On a microcontroller, in order to avoid loading settings from a previous firmware build, I also store the compilation time, which is checked at loading.

The microcontroller project is build with 'mikroC PRO for ARM' from MikroElektronika.

Being easier to debug, I programmed the code with minGW on my PC and, after checking it left and right put, it into microC.

The code using that check failed to work properly. After an evening of frustrating debugging I, found sizeof("...") yielding different values on the two platforms and causing a buffer overflow as a consequence.
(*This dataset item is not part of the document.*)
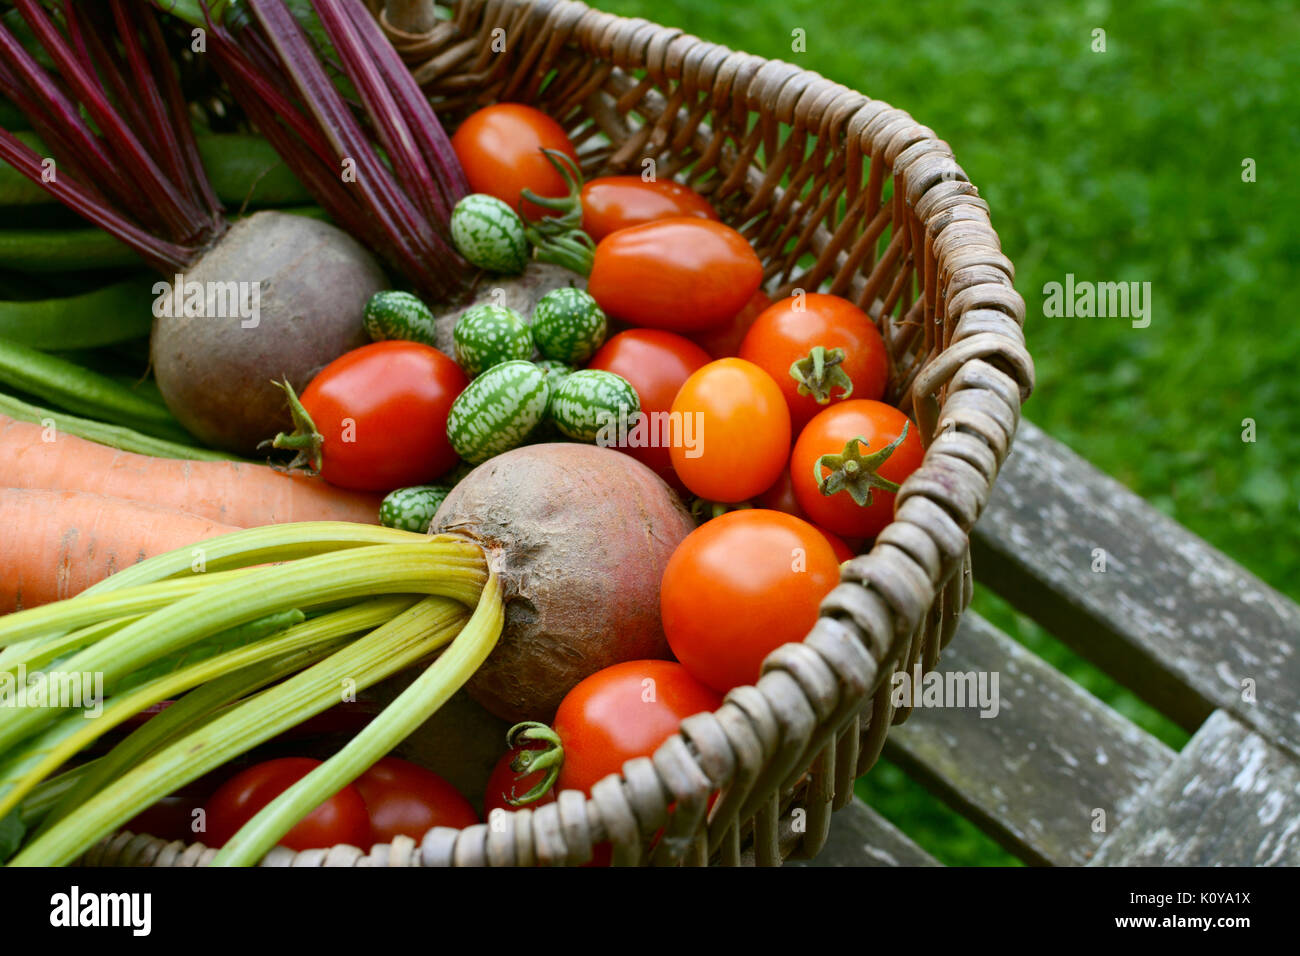 Close-up of beetroot and tomatoes with cucamelons and carrots in a wicker basket on a rustic garden bench Stock Photo

But now I don't know whose fault is it.

To re-create the problem, use following code:

#define SAVEFILECHECK_COMPILE_DATE __DATE__ " " __TIME__

char strA[sizeof(SAVEFILECHECK_COMPILE_DATE)];
char strB[] = SAVEFILECHECK_COMPILE_DATE;

printf("sizeof(#def): %d\n", (int)sizeof(SAVEFILECHECK_COMPILE_DATE));
printf("sizeof(strA): %d\n", (int)sizeof(strA));
printf("sizeof(strB): %d\n", (int)sizeof(strB));

On MinGW it returns (as expected):

sizeof(#def): 21
sizeof(strA): 21
sizeof(strB): 21

However, on 'mikroC PRO for ARM' it returns:

sizeof(#def): 20
sizeof(strA): 20
sizeof(strB): 21

This difference caused a buffer overflow down the line (overwriting byte zero of a pointer – ouch).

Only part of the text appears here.